[Problem to work on]:
Beginning with the line below that contains "FIFA19, HGS ZorRiTo9, gamer" and ending with the line that contains "bcf6fc036a6a Λευκό μπλουζάκι", copy every line exactly. Copy nothing else.

[Dataset]:
____
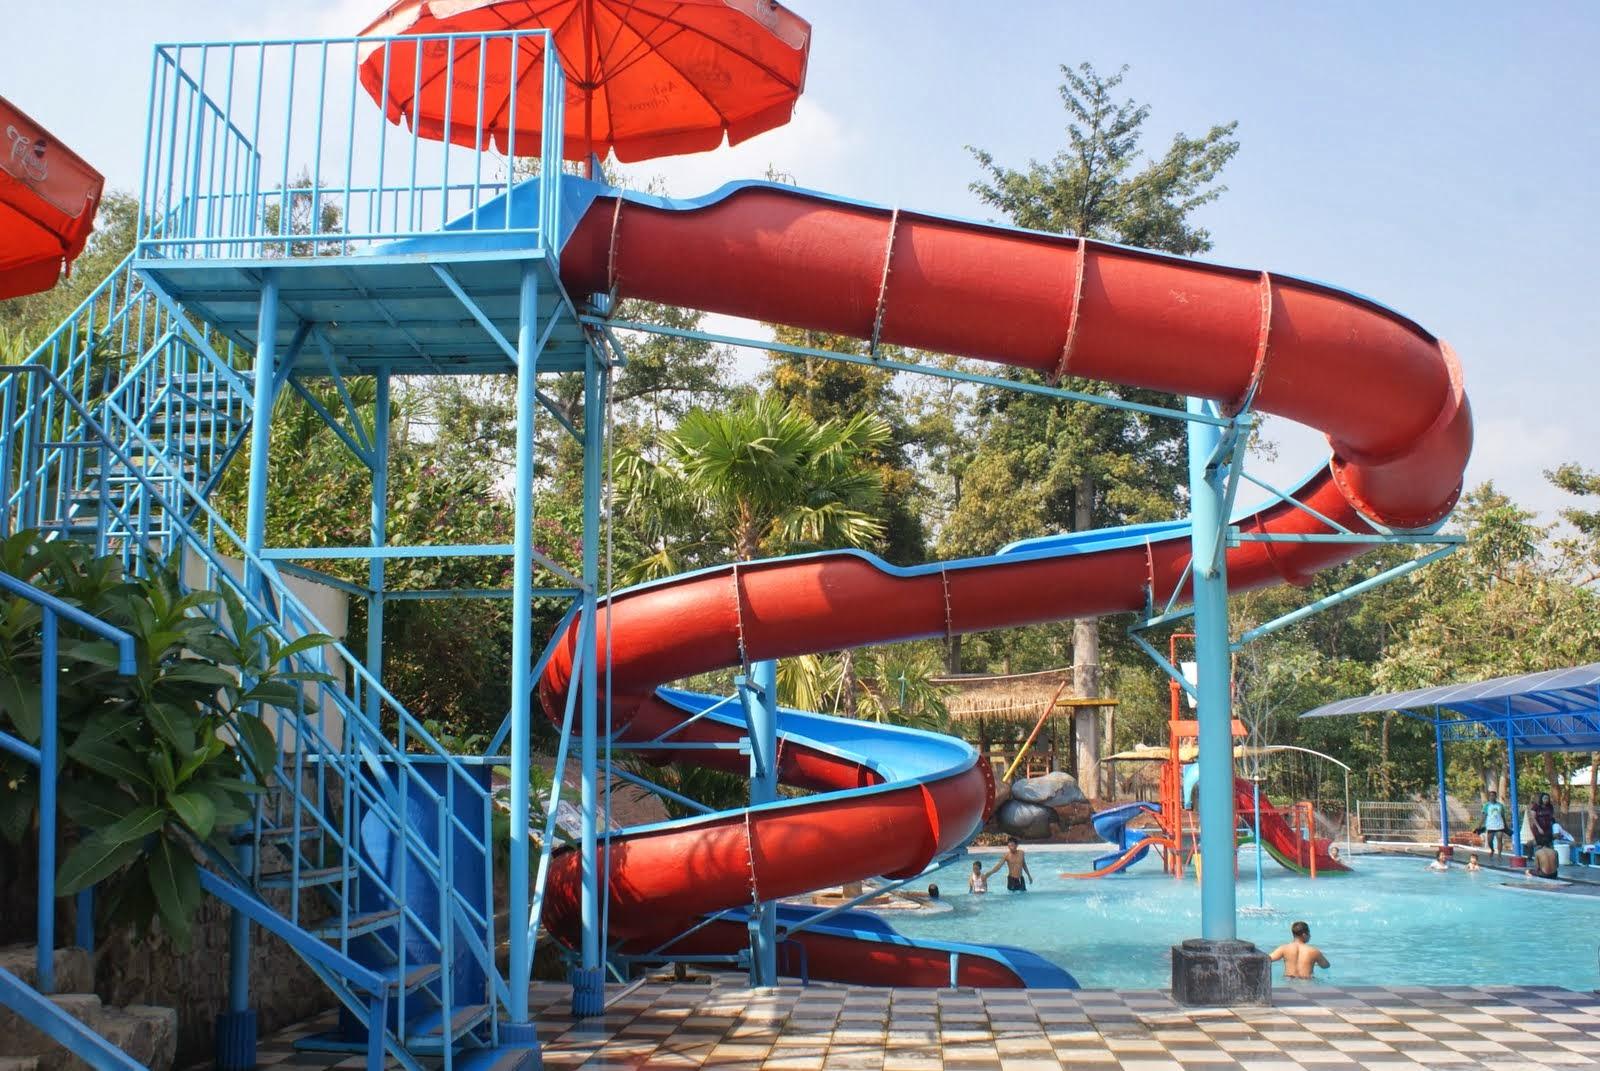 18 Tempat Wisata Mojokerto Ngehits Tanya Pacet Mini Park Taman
____
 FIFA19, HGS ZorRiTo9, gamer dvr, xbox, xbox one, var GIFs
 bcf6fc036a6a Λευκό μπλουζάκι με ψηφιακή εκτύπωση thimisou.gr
____
[Answer to the problem]:
 FIFA19, HGS ZorRiTo9, gamer dvr, xbox, xbox one, var GIFs
 bcf6fc036a6a Λευκό μπλουζάκι με ψηφιακή εκτύπωση thimisou.gr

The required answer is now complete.